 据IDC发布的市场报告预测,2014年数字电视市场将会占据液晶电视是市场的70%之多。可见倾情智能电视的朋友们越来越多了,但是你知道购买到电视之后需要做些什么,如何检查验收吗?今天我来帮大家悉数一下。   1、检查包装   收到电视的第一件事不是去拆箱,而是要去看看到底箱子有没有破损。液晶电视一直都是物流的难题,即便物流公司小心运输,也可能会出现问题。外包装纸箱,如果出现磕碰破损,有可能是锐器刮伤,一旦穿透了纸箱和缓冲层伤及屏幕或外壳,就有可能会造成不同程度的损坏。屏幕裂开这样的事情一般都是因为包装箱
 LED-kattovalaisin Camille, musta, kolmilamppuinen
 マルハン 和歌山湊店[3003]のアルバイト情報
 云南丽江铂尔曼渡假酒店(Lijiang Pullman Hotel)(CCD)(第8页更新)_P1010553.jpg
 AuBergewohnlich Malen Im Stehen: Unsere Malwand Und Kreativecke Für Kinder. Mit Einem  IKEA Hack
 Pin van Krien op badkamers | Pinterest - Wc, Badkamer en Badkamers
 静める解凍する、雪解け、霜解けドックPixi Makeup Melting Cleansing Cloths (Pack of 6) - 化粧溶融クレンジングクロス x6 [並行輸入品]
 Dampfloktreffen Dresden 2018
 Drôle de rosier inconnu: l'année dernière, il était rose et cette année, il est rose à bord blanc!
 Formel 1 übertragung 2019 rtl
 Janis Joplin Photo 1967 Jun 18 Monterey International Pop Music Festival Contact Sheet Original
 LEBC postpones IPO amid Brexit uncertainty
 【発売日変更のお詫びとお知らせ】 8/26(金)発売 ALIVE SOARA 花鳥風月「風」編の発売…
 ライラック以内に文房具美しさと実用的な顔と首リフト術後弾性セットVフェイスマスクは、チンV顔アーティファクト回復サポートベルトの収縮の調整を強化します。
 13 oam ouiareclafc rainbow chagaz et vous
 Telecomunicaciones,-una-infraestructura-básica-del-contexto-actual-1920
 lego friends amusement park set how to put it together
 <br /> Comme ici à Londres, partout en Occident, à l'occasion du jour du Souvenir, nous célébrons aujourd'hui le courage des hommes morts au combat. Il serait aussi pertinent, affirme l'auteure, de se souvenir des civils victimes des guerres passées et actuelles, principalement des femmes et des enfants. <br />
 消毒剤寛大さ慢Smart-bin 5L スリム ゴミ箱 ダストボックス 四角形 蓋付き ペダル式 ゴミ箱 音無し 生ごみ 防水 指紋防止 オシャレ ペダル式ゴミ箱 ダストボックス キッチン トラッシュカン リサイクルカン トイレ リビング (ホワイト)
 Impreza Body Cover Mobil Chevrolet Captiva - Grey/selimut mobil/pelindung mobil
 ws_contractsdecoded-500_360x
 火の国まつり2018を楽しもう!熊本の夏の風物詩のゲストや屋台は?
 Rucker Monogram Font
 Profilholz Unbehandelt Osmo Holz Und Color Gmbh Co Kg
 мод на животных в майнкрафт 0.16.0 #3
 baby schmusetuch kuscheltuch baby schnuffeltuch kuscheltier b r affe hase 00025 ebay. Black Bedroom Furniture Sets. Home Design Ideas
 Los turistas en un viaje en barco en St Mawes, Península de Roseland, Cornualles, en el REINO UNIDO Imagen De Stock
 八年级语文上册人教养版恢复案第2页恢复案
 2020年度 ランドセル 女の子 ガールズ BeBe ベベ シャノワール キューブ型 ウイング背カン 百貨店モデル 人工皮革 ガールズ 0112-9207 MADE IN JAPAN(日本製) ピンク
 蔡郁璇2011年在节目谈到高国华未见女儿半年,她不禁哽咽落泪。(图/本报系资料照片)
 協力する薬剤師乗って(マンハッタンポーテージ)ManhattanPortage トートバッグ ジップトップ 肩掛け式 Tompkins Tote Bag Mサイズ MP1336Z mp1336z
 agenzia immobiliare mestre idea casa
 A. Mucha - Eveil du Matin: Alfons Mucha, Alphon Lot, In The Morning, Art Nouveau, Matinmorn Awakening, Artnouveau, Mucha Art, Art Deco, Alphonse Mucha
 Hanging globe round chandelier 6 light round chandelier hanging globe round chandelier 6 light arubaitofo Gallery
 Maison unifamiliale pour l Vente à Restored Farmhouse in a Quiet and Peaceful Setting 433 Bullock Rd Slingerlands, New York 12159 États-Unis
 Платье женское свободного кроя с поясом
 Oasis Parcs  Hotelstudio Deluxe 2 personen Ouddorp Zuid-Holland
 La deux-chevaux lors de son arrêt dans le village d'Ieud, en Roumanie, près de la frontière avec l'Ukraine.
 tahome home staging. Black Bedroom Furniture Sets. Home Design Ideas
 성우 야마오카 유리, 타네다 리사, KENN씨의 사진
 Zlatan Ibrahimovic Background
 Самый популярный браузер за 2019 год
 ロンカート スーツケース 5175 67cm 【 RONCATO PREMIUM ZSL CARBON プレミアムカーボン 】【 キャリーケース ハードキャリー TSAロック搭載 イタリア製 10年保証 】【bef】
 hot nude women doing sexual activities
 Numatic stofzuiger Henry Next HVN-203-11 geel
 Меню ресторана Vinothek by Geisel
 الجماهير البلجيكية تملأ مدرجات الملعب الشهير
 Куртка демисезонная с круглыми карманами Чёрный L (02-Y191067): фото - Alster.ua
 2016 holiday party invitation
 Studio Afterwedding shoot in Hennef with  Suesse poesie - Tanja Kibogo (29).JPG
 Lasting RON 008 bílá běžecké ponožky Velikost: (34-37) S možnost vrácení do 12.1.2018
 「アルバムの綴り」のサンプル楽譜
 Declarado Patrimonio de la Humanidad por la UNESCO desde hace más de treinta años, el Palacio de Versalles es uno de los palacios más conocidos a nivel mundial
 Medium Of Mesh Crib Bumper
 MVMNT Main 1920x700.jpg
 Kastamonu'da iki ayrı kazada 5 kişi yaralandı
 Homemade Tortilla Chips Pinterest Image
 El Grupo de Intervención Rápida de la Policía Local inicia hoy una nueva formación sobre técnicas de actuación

# # # #

YOUR ASSIGNMENT ->
Take from the listing above each line that contains the string "Black".

SOLUTION TO THIS PROBLEM ->
 baby schmusetuch kuscheltuch baby schnuffeltuch kuscheltier b r affe hase 00025 ebay. Black Bedroom Furniture Sets. Home Design Ideas
 tahome home staging. Black Bedroom Furniture Sets. Home Design Ideas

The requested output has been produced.